Colorado Department of Transportation District 3 Communications Manager Elise Thatcher said trucks were also being turned around Monday on Independence Pass.

Bad detours

Cottonwood and Independence passes may be inappropriate for interstate detours, but motorists relying on navigation systems often head that way. Those systems don’t factor the limits of those roads.

But Independence and Cottonwood passes are the closest detours around the canyon.

There’s also little chance Cottonwood Pass will ever be improved to accommodate heavy trucks. The route was once examined as a possible route for I-70. That idea was rejected because transportation officials didn’t want heavy trucks driving over three passes of 10,000 feet or more between Denver and Grand Junction.

The Eagle County Commissioners in 2010 did a bit of work to see what it might cost to pave and improve the length of the pass. The cost estimate at the time was $66 million for a road with 12-foot lanes and six-foot shoulders. Eva Wilson, then the county engineer, told commissioners even that estimate was probably low.

Other detours involve hundreds of miles of driving to get to and from the interstate.

The northern route is even longer right now. The usual detour runs north from Wolcott to Steamboat Springs, then west to Craig, then south through Meeker to Rifle.

But portions of State Highway 13 are under construction this summer, and transportation officials have been working to keep commercial trucks off that road.

“We’re doing everything we possible can” to keep traffic off Highway 13, Thatcher said.

The alternative is heading further west from Steamboat Springs nearly to Rangely, then south to I-70 on State Highway 139.

The southern detour is longer than the northern one, through Grand Junction, Montrose, Gunnison and Poncha Springs on U.S. Highway 50.

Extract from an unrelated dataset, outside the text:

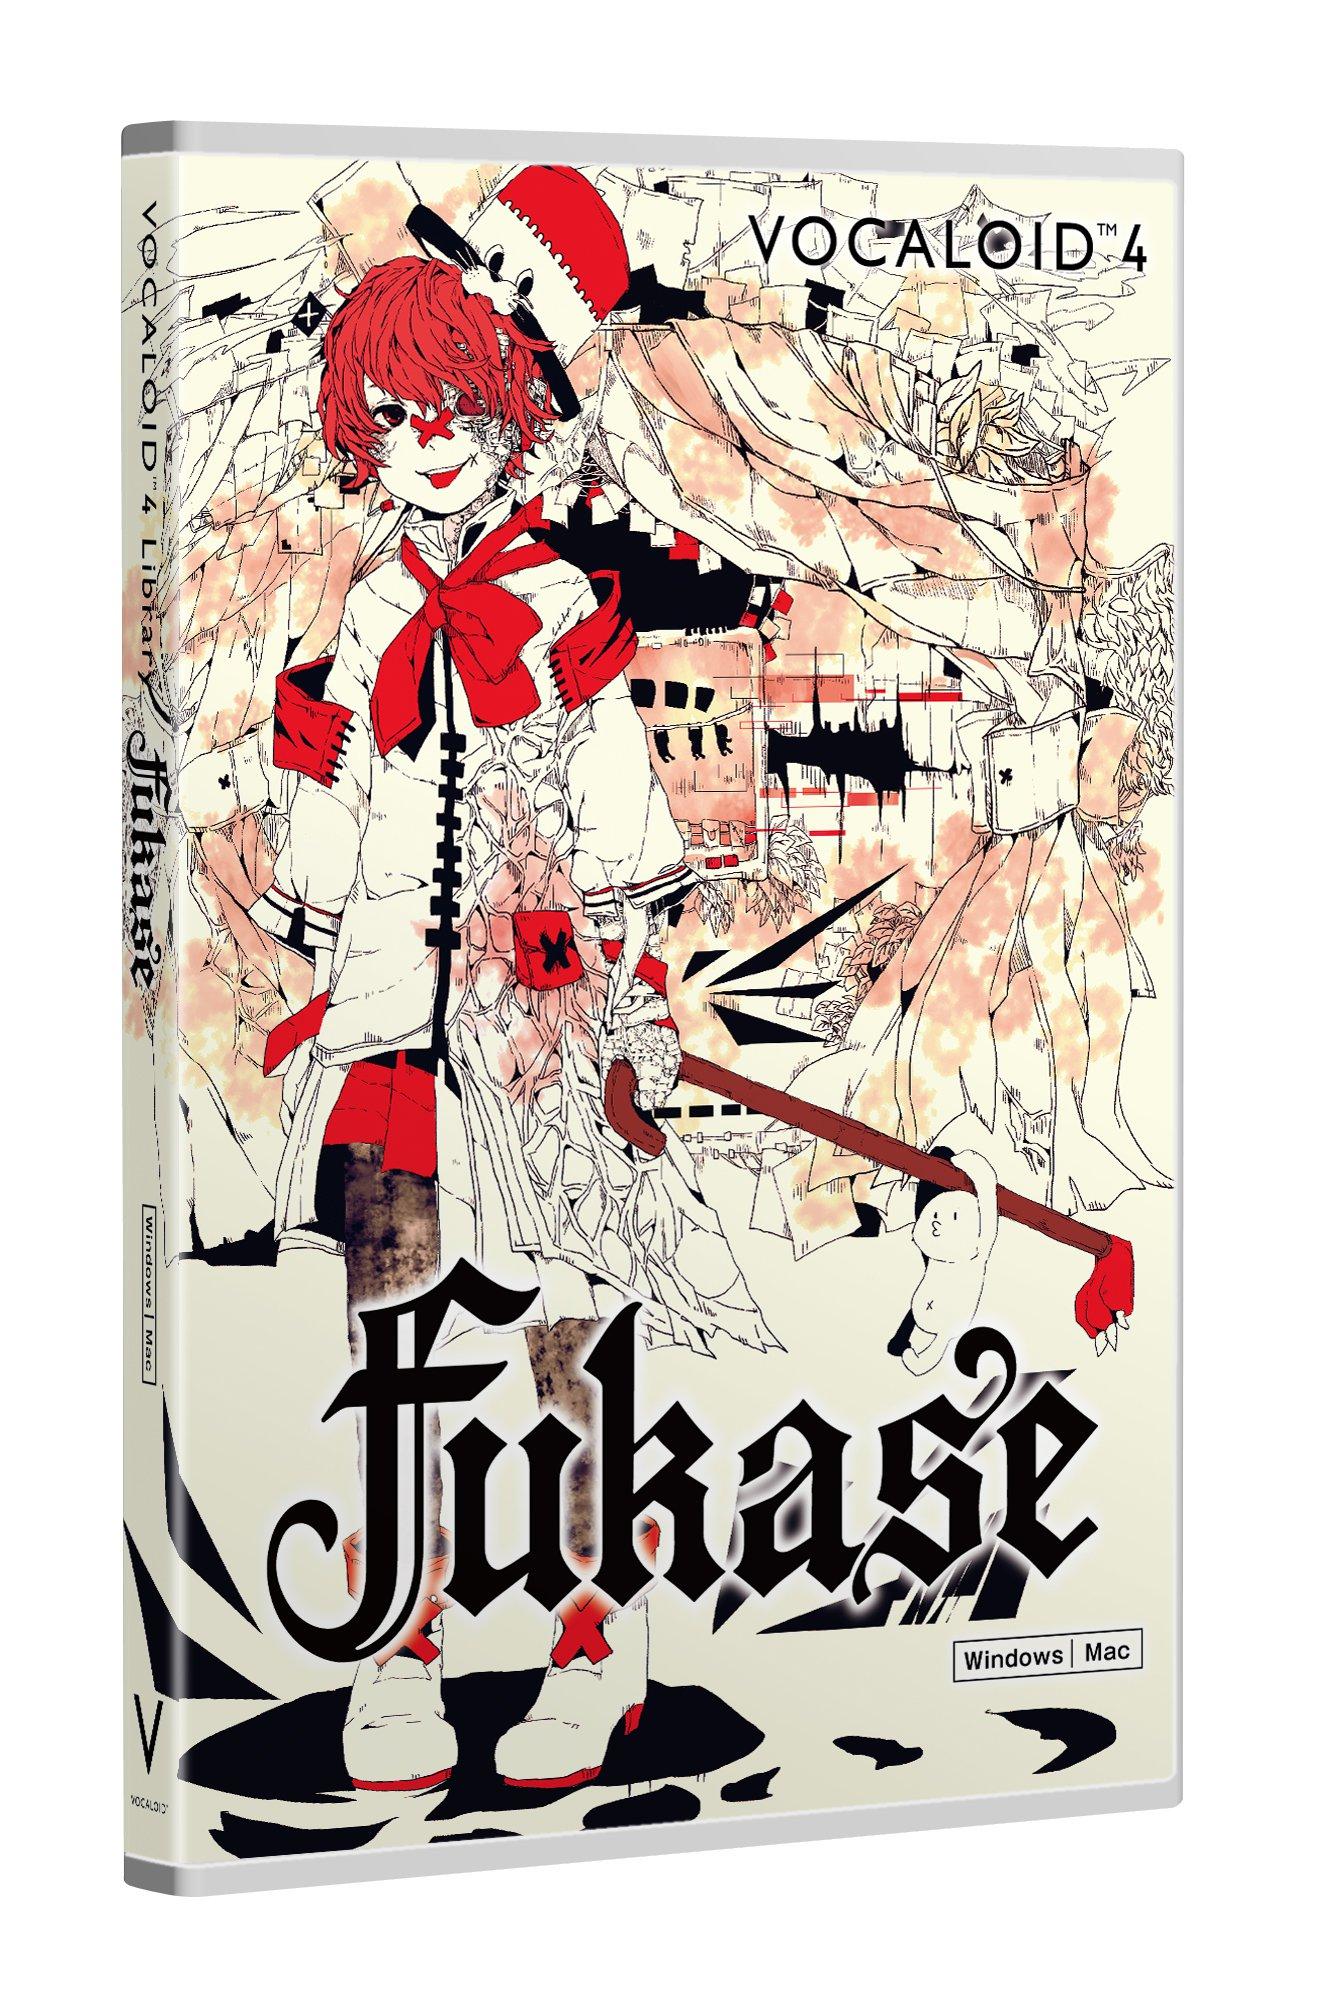 VOCALOID Fukase Box Art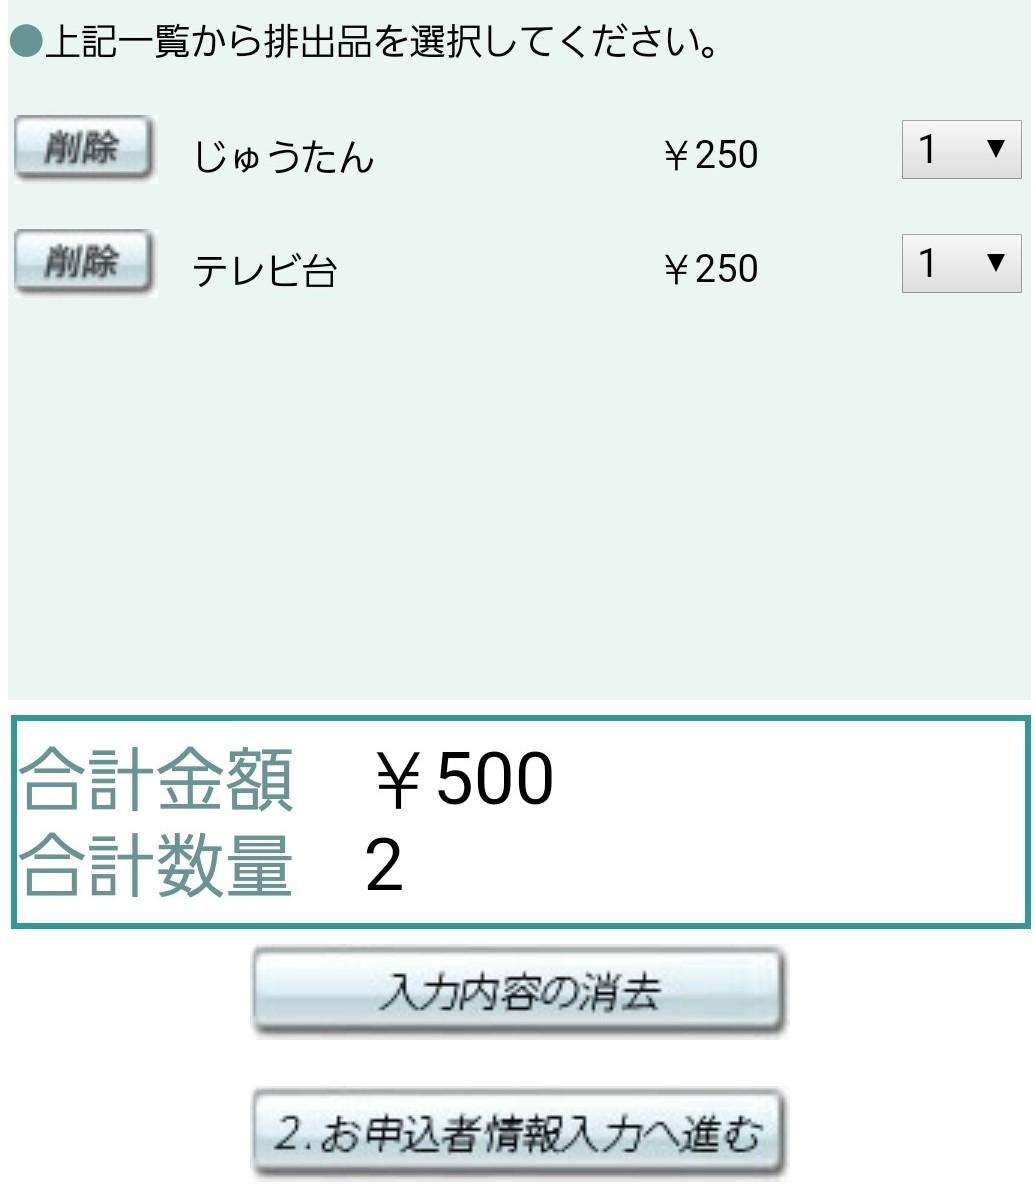 f:id:jjyy:20210109144440j:plain

As of Tuesday, it was unclear when I-70 would reopen through the canyon. There was no containment on the blaze, and Thatcher said transportation engineers needed to evaluate the structural integrity of two bridges in the area where the fire started. The fire might also have created rockfall dangers from burned vegetation.

“We don’t really know” when the canyon will reopen, Thatcher said. “We’ve got our fingers crossed.”